Imperial Oil Ltd. has joined a pilot project to extract lithium in Alberta, lending its energy expertise in the quest to recover the critical mineral from a once-prolific oil formation.
Calgary-based Imperial said on Thursday that it is investing $6.35-million to acquire warrants in E3 Lithium Ltd., giving it a window into plans to pump what the companies hope will be lithium-rich brine from the aquifer under the sprawling Leduc formation.
E3, formerly known as E3 Metals Corp., is planning to complete a pre-feasibility study by the end of next year, with the goal of eventually launching a US$602-million project east of Olds, Alta., to extract the critical mineral that goes into batteries for electric vehicles.
“Brine water that would have the lithium within it would be below those traditional, depleted oil and gas opportunities,” Jason Iwanika, Imperial’s director of commercial business development, said in an interview from Calgary. “As we learn from that piloting phase jointly, we can make decisions on commercial opportunities down the road.”
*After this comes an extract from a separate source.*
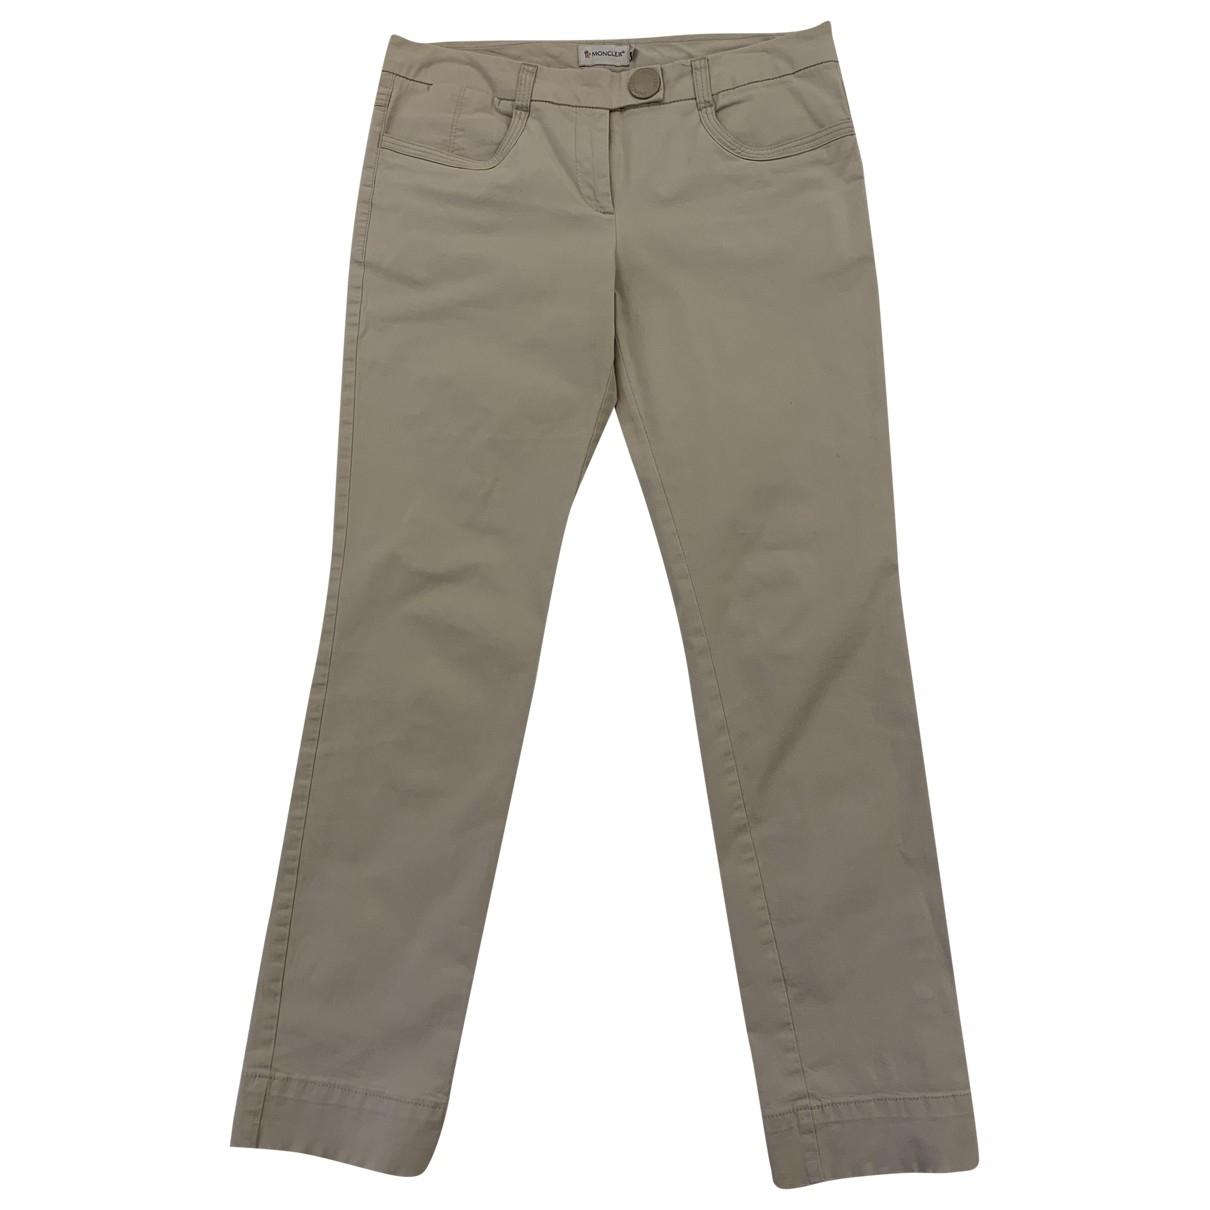 Moncler \N Beige Cotton Trousers for Women 40 IT

Olds is a 180-kilometre drive south of the community of Leduc. Imperial discovered the Leduc field in February, 1947, in a project supervised by Vern (Dry Hole) Hunter. The company had drilled 133 dry holes across Western Canada before hitting the historic well, which led to even bigger finds in the region.
Some small Alberta oil discoveries were made before 1920, but petroleum explorers went through a bleak period until the 1947 find. The fabled Leduc No. 1 discovery well near Edmonton triggered a massive expansion of Alberta’s petroleum industry. Imperial sold its interests in the aging Leduc field in 1997.
“Imperial provided us information and data in the past that they have in their archives and so we’ve just had a really strong working relationship with them, but nothing formal until now,” said Chris Doornbos, E3′s chief executive officer and founder.
The new arrangement provides Imperial with more than 3.4 million warrants priced at $1.86 each. Each warrant allows Imperial to exercise its right to acquire one common share of E3.
Shares in E3 soared 48 per cent to close at $2.54 on Thursday on the TSX Venture Exchange, giving the Calgary-based junior resource company a stock market capitalization of $150-million, based on 59.24 million shares outstanding.
Imperial shares fell 6 per cent to finish at $58.23 on the TSX as oil prices slumped. Exxon Mobil Corp. of Irving, Tex., owns 69.6 per cent of Imperial.
In a slide presentation to investors, E3 said it has developed innovative technology, and is keen to start with the Clearwater project near Olds, which is situated within the broader Leduc formation. “Our technology is engineered for purity to support the production of high-quality lithium products for direct sale to battery manufacturers,” the presentation read.
Besides the Clearwater, E3 envisages two other Central Alberta resource areas for potential lithium extraction, called Rocky and Exshaw.
“Imperial will provide technical and development support to E3 Lithium in areas such as water and reservoir management, with E3 Lithium continuing to operate the Clearwater project,” RBC Dominion Securities Inc. analyst Greg Pardy said in a research note. “The agreement also includes access for E3 Lithium to freehold lands in the area, which are operated by Imperial.”
E3′s slide presentation emphasized the importance of environmental, social and governance issues. “E3 Lithium is exploring renewable sources of energy to meet its power needs, and carbon capture and sequestration to reduce its carbon footprint,” the company said.
If all goes well, the Clearwater project could start construction by 2026 and would have a 20-year operating life, with production of 20,000 tonnes annually of lithium hydroxide, according to E3′s preliminary economic assessment. The slide presentation also noted plans for “refinement of the lithium concentrate into battery-quality lithium hydroxide for direct sale to battery manufacturers.”
E3 said it is optimistic about its innovation and anticipates strong demand growth for electric vehicle sales, but it cautioned that there aren’t any guarantees that its technology will work on a commercial scale.